Work order: From the listing below, output the lines between the one with "Women's tennis visor in lavender" and the one with "Фото - Käse Leicht 17% Grünländer", including those two, and nothing else. Pictures are not copied.

Data shown:
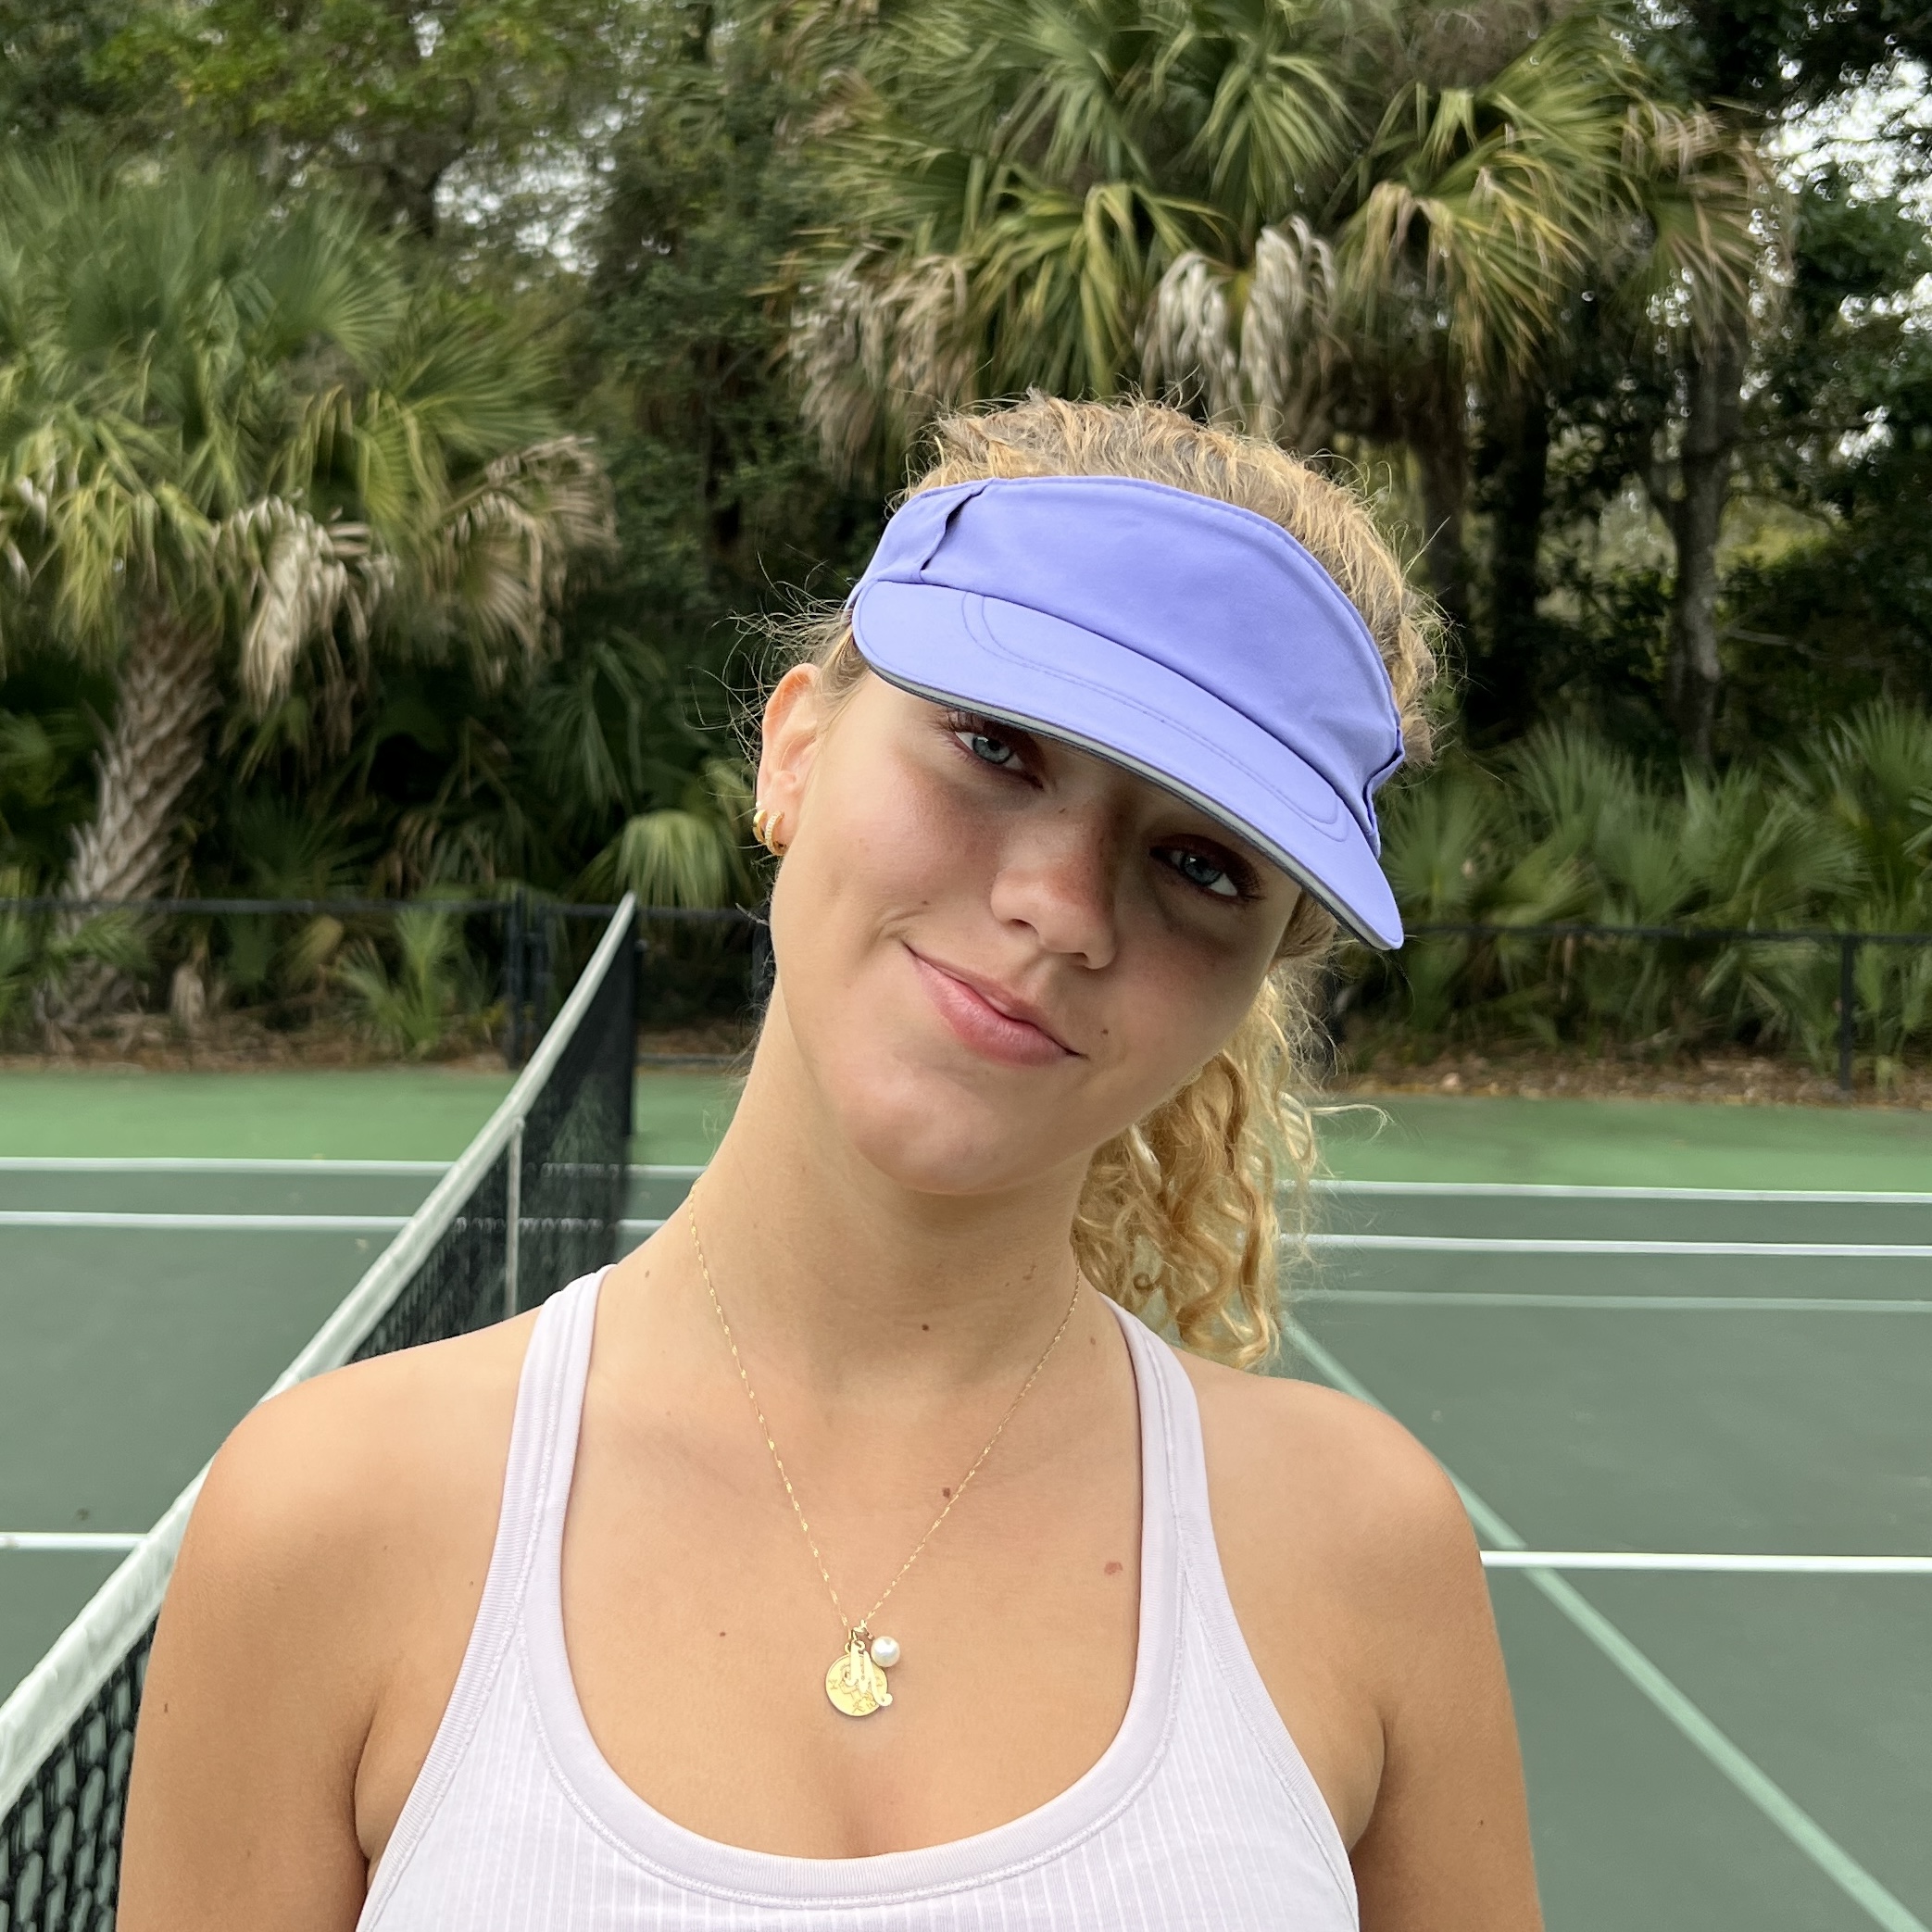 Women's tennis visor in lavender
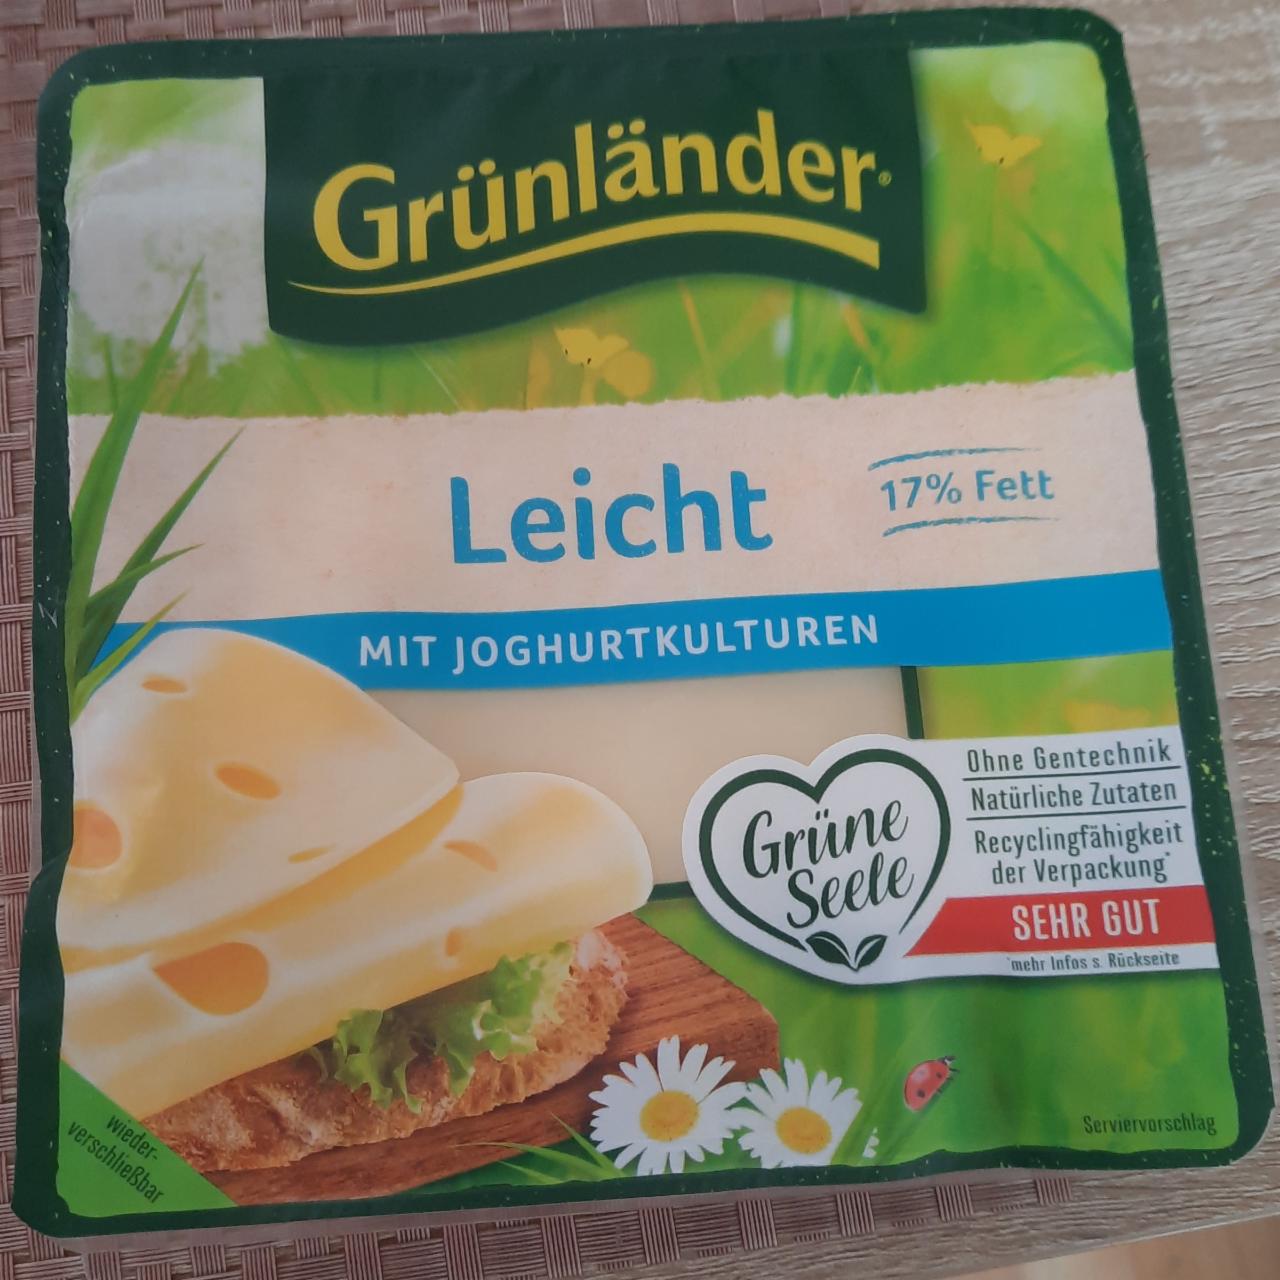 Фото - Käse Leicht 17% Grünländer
...
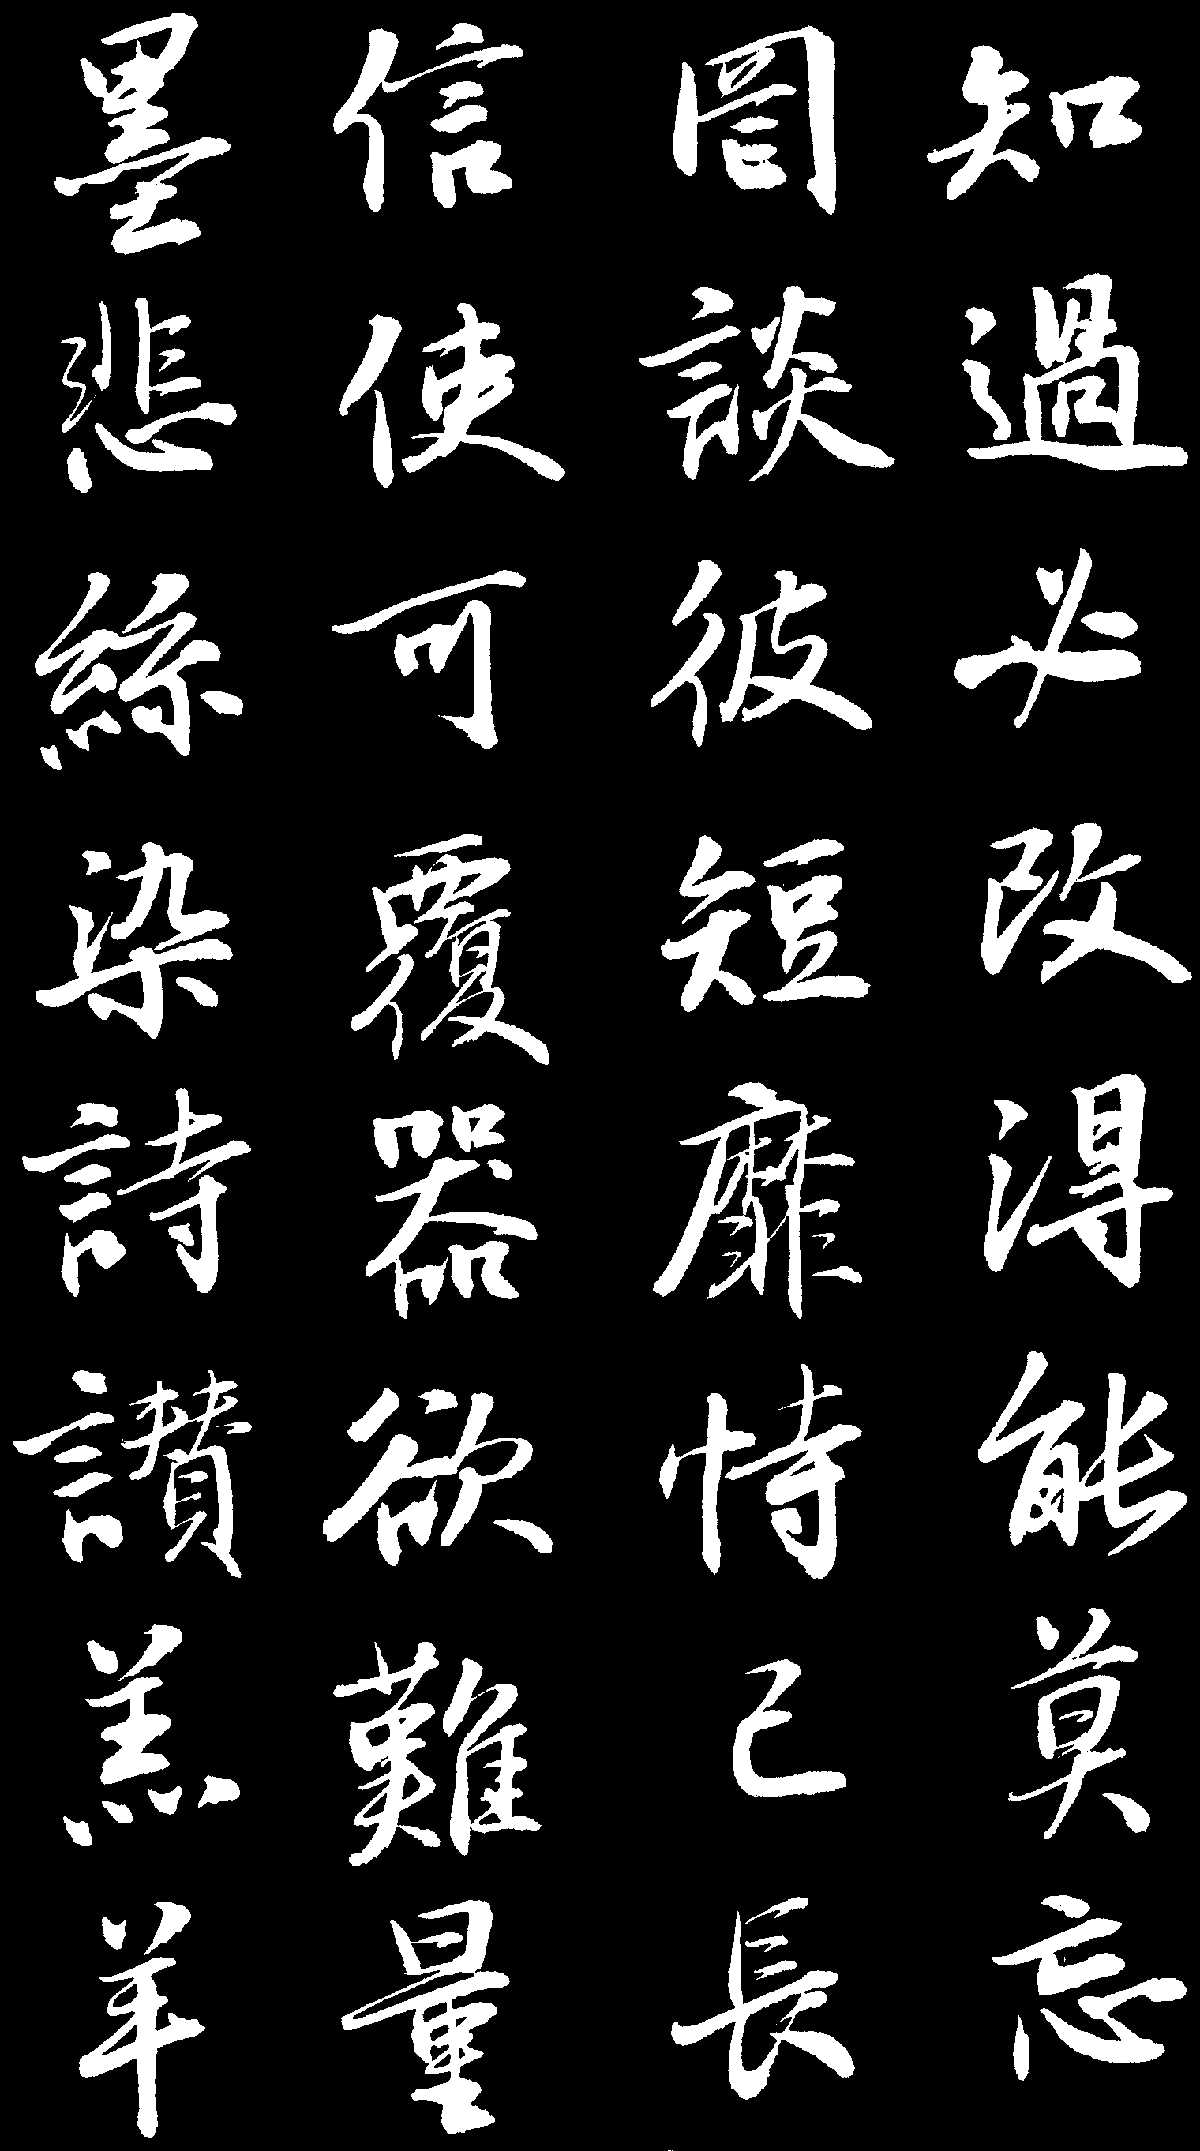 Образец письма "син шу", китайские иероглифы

Final answer:
 Women's tennis visor in lavender
 Фото - Käse Leicht 17% Grünländer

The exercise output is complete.